For the material below, return exactly the lines starting at the one holding "Монокуляр B50 1080P, инфракрасное" and ending at the one holding "22788-22781-miro-chair-armchair", counting both as part of the range.

• [Data for this task]
--

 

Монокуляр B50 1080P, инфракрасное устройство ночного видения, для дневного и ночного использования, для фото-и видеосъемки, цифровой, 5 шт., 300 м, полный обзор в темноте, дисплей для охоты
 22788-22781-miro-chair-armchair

--

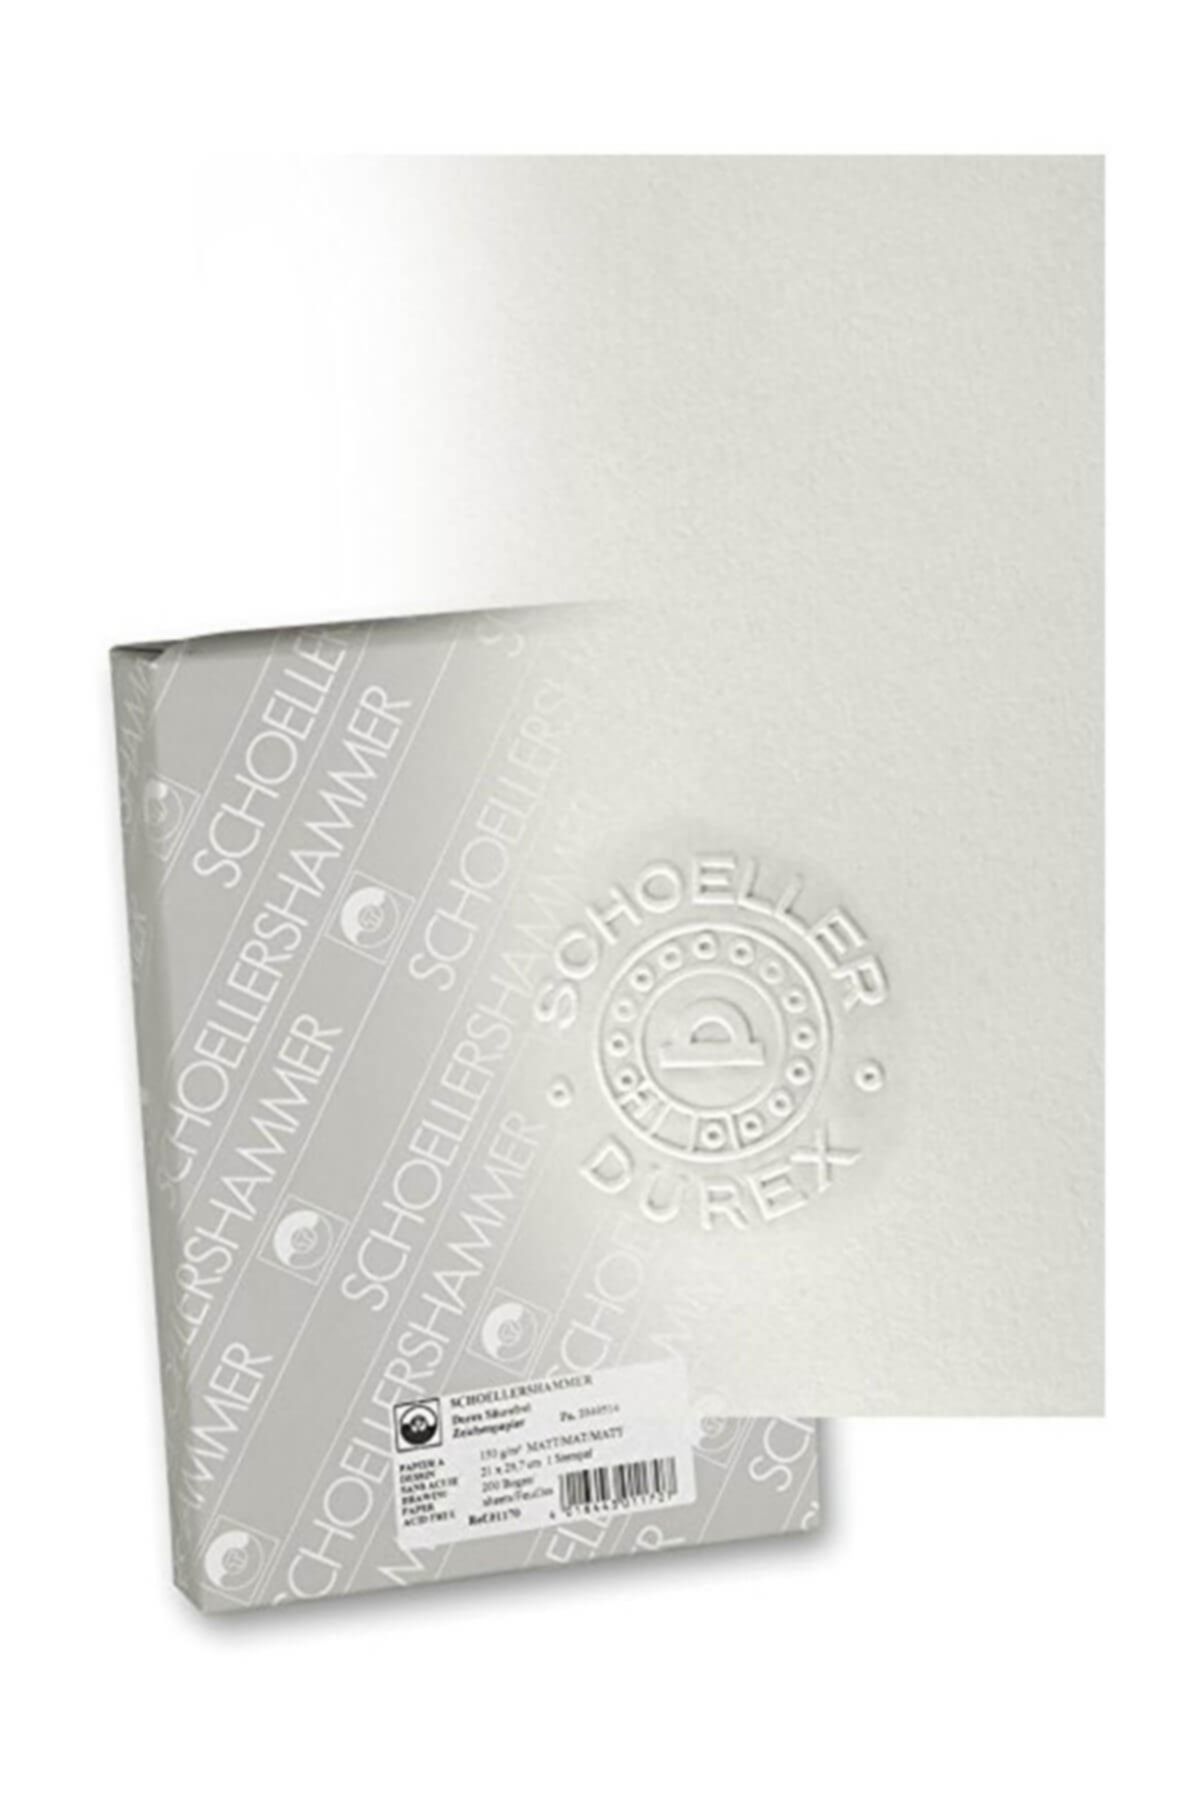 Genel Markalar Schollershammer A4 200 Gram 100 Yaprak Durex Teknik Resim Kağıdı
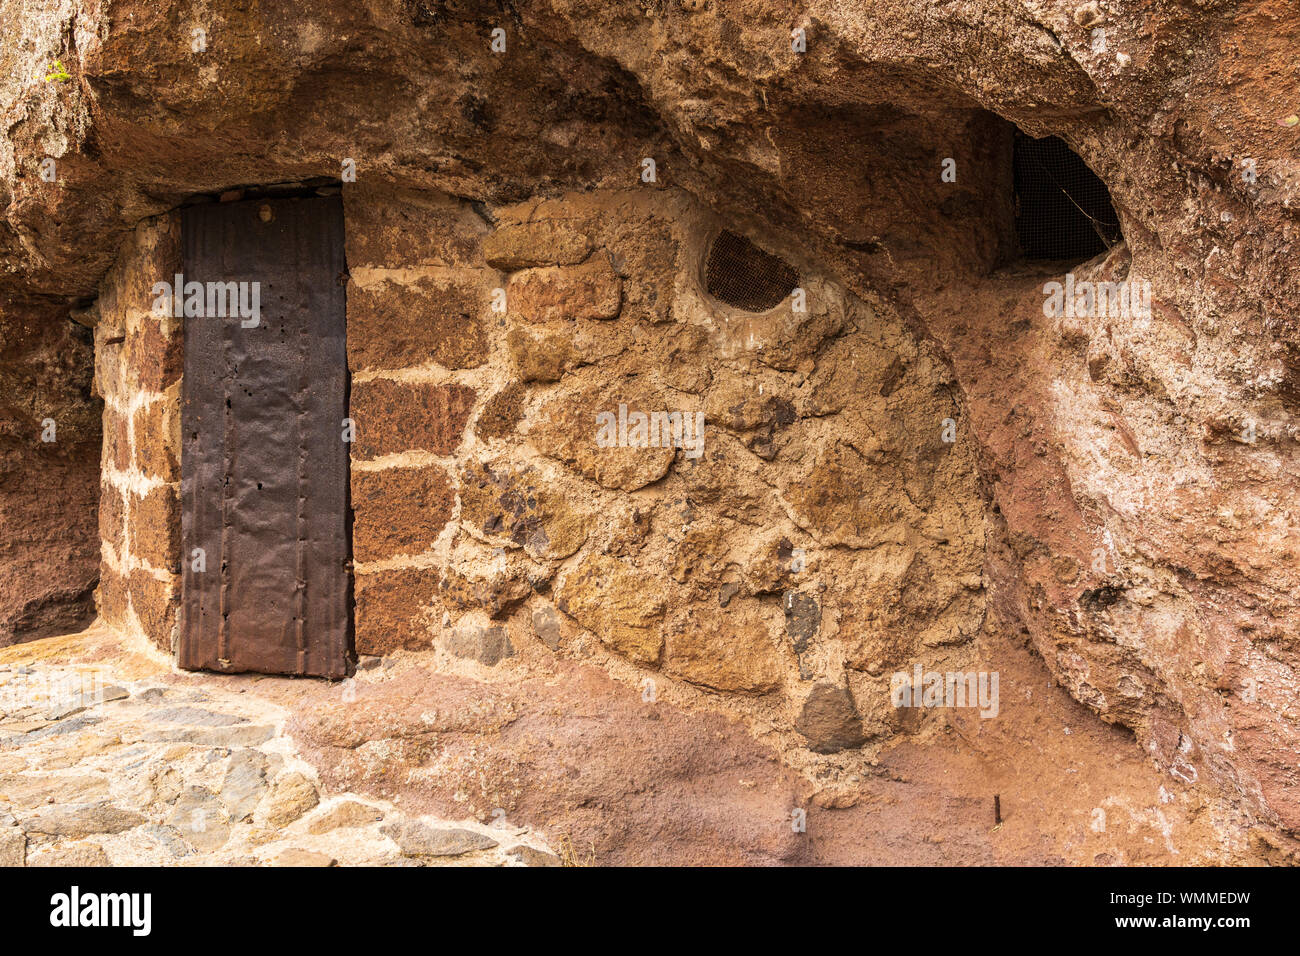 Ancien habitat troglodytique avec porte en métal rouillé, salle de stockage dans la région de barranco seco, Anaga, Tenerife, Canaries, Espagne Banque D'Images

--

• [Response area]
Монокуляр B50 1080P, инфракрасное устройство ночного видения, для дневного и ночного использования, для фото-и видеосъемки, цифровой, 5 шт., 300 м, полный обзор в темноте, дисплей для охоты
 22788-22781-miro-chair-armchair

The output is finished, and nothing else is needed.